Its intended use is normalized comparison, for example:

* comparing two architectures under the same cost regime;
* comparing spike-driven and dense execution at the arithmetic level;
* reporting Horowitz-style FP32, FP16, or INT8 compute cost.

Its boundary is equally important:

* it does not model memory energy;
* it does not model addressing or routing cost;
* it does not try to reproduce a specific accelerator;
* ``SynOps`` and ``FLOPs`` are returned as auxiliary statistics only and do not directly contribute to the total energy.

By default it uses the Horowitz 2014 FP32 regime.
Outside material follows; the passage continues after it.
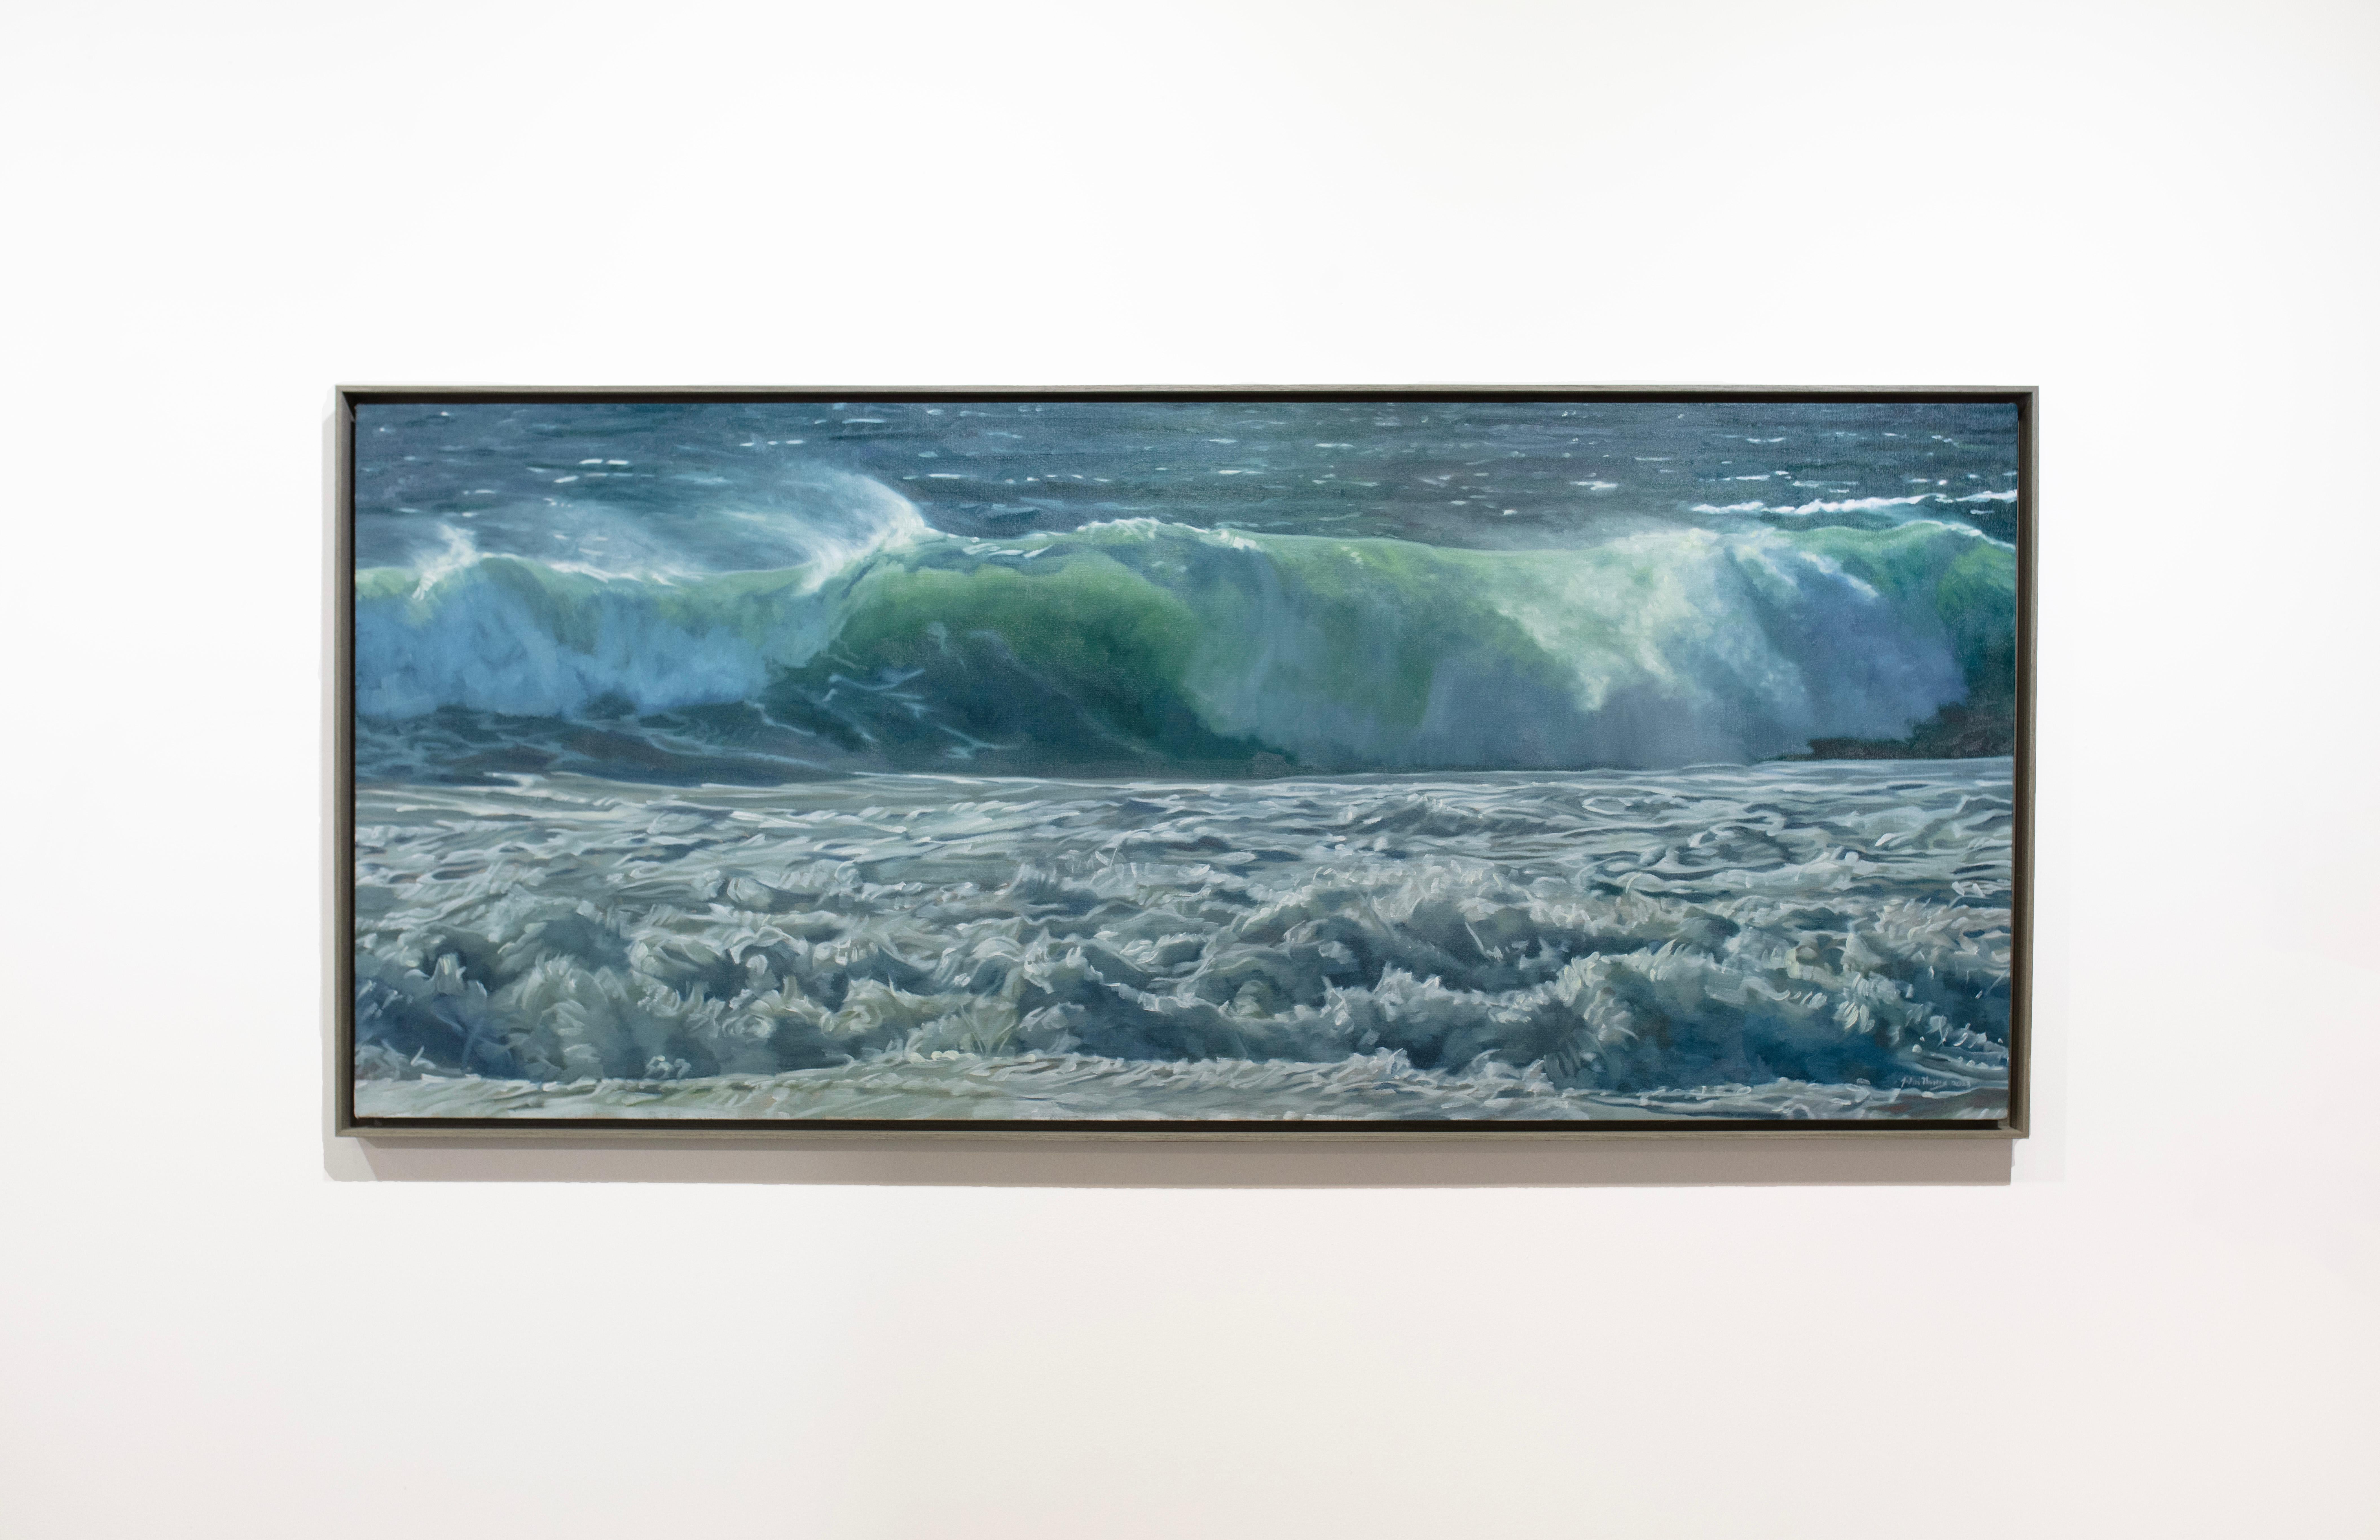 Landscape Painting John Harris (painter) - "Curler 2" Peinture à l'huile naturaliste des vagues océaniques

If you want FP16 or INT8 comparisons, pass an explicit preset.

Lemaire Analytical Inference Energy
------------------------------------

``estimate_lemaire_energy`` is an inference-only analytical estimator aligned with the Lemaire-style SNN energy literature.
Unlike a purely static formula, the current implementation still runs one real forward pass to collect runtime counts and memory bytes.

It includes:

* synaptic operation counts;
* MAC and AC-like work;
* addressing counts;
* neuron-state reads, writes, and state arithmetic;
* memory energy estimated from runtime byte traffic and buffer-size-based piecewise memory cost.

Its boundaries are:

* forward inference only;
* analytical estimation rather than cycle-accurate hardware simulation;
* memory cost is derived from the modeled buffer size, not from measured cache behavior on the host machine;
* unsupported sparse cases may fall back to dense lower-bound memory accounting with warnings.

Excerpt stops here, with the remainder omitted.